BlackHat 2019: Don’t Assume that 5G Networks Can’t Get Hacked

The next few years will see a veritable explosion in the number of connected devices running on super-fast 5G networks. The promise: a vastly improved internet experience than previous generations. And 5G is going to be so locked down that you won’t ever have to give security a thought ever again.

And if you believe that last line, I’ve got a bridge in Brooklyn that I’d like to sell to you.

What’s beyond argument is the proposition that the 5G cellular standard represents a significant break from the past. Internet Protocol is at the center of the network architecture and the applications that run on 5G networks. And whereas earlier generations only performed tasks sequentially, 5G promises considerably higher speeds and little to no latency.

“We know the hype that 5G has today,” said Altaf Shaik, a researcher from the Technical University of Berlin as he addressed a packed ballroom at Black Hat 2019 in Las Vegas on Wednesday. “It’s even bigger than this room.”

5G is “basically for machine communications,” according to Shaik. “Not just phones, but cars and smart homes, different way stations…millions of devices will be scattered around us.”
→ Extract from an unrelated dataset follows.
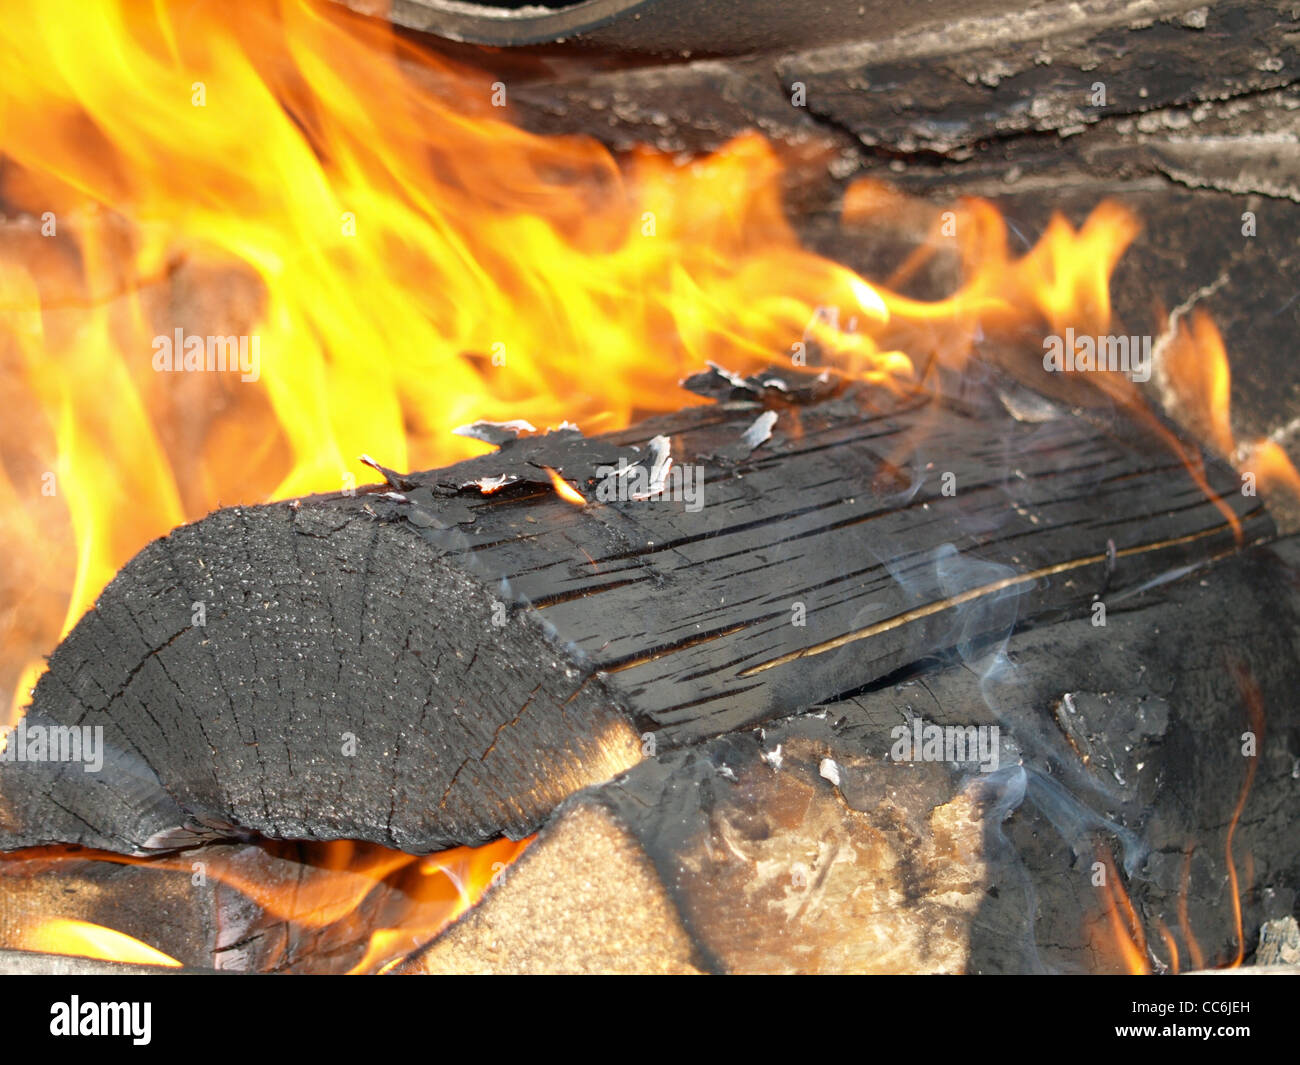 fire place, ember / Feuerstelle, Glut Stock Photo
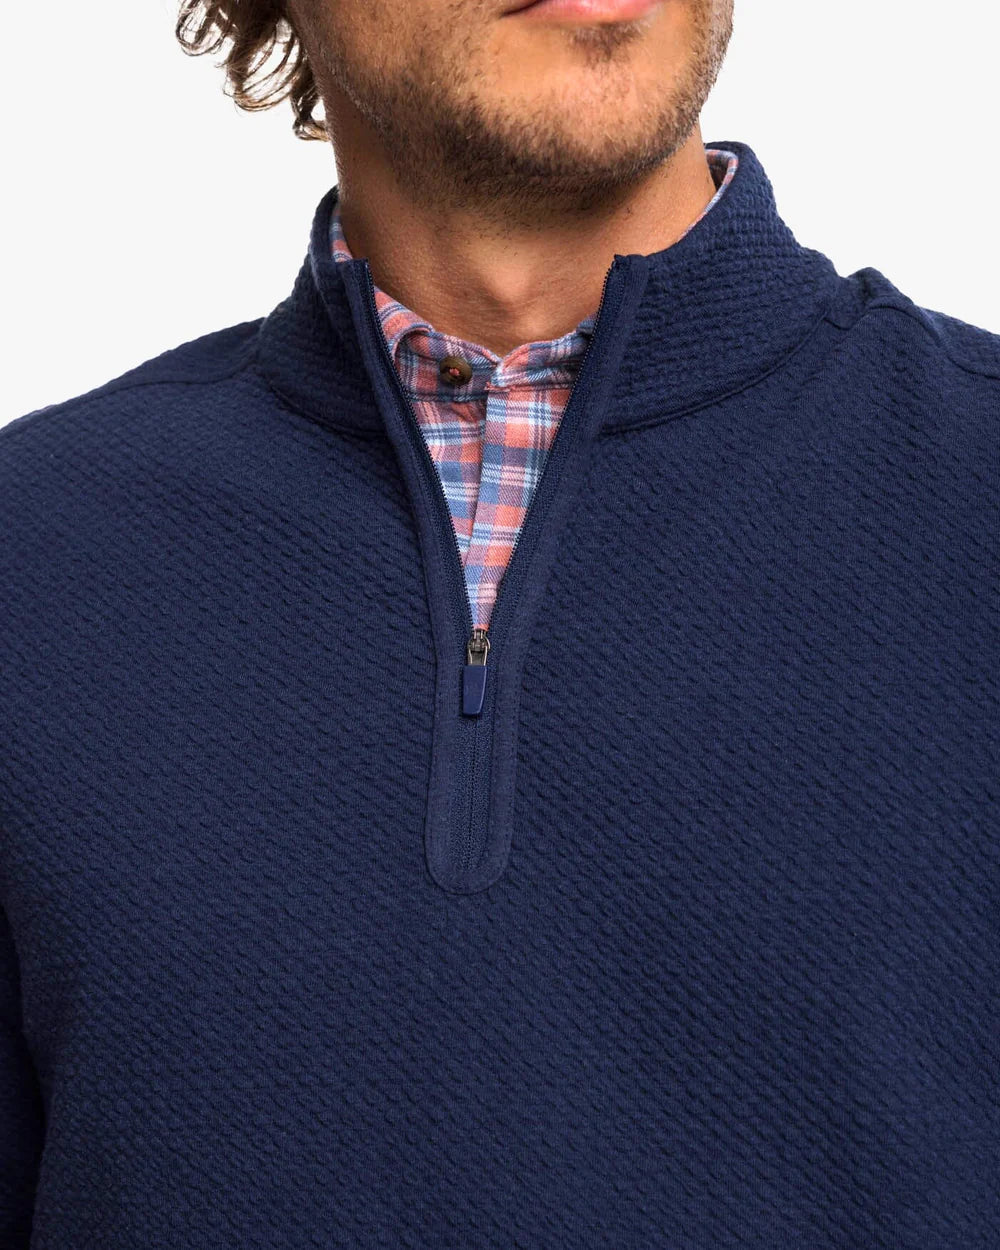 Southern Tide Heather Outbound Quarter Zip

But with an estimated 18 billion IoT devices expected to be in use worldwide by 2022, the reliability of our mobile networks will assume ever greater importance. Experts like Shaik have reason to be concerned about potential vulnerabilities cropping up; unlike earlier networks that relied on centralized hardware-based functions, 5G’s distributed software-based systems are also potentially more risky.

Compared to previous network generations, Shaik agreed that network security is turning out to be more efficient in 5G and is “definitely better” than in previous generations, particularly when it comes to things like privacy, encryption and authentication. “Security has changed a lot and we should expect that security should be lot stronger in 5G than in 2G,” he said.

Still, he cautioned that vulnerabilities affect both operator infrastructures as well as end-user devices connected to 5G. He demonstrated to attendees how hackers can exploit vulnerabilities just by using low-cost hardware and software platforms.

He set up fake base stations to launch attacks against dozens of devices to discover identifying information about them, including the kind of operating systems they ran. That raises a red flag: If you can find out information about the device and the OS, Shaik said, “you can plan a targeted attack.”

Shaik said he was able to hack into 5G systems and modify settings, changing radio capabilities, removing frequency bands and disabling voice over LTE. In one test, he recounted being able to reduce the connection speed on an iPhone 8.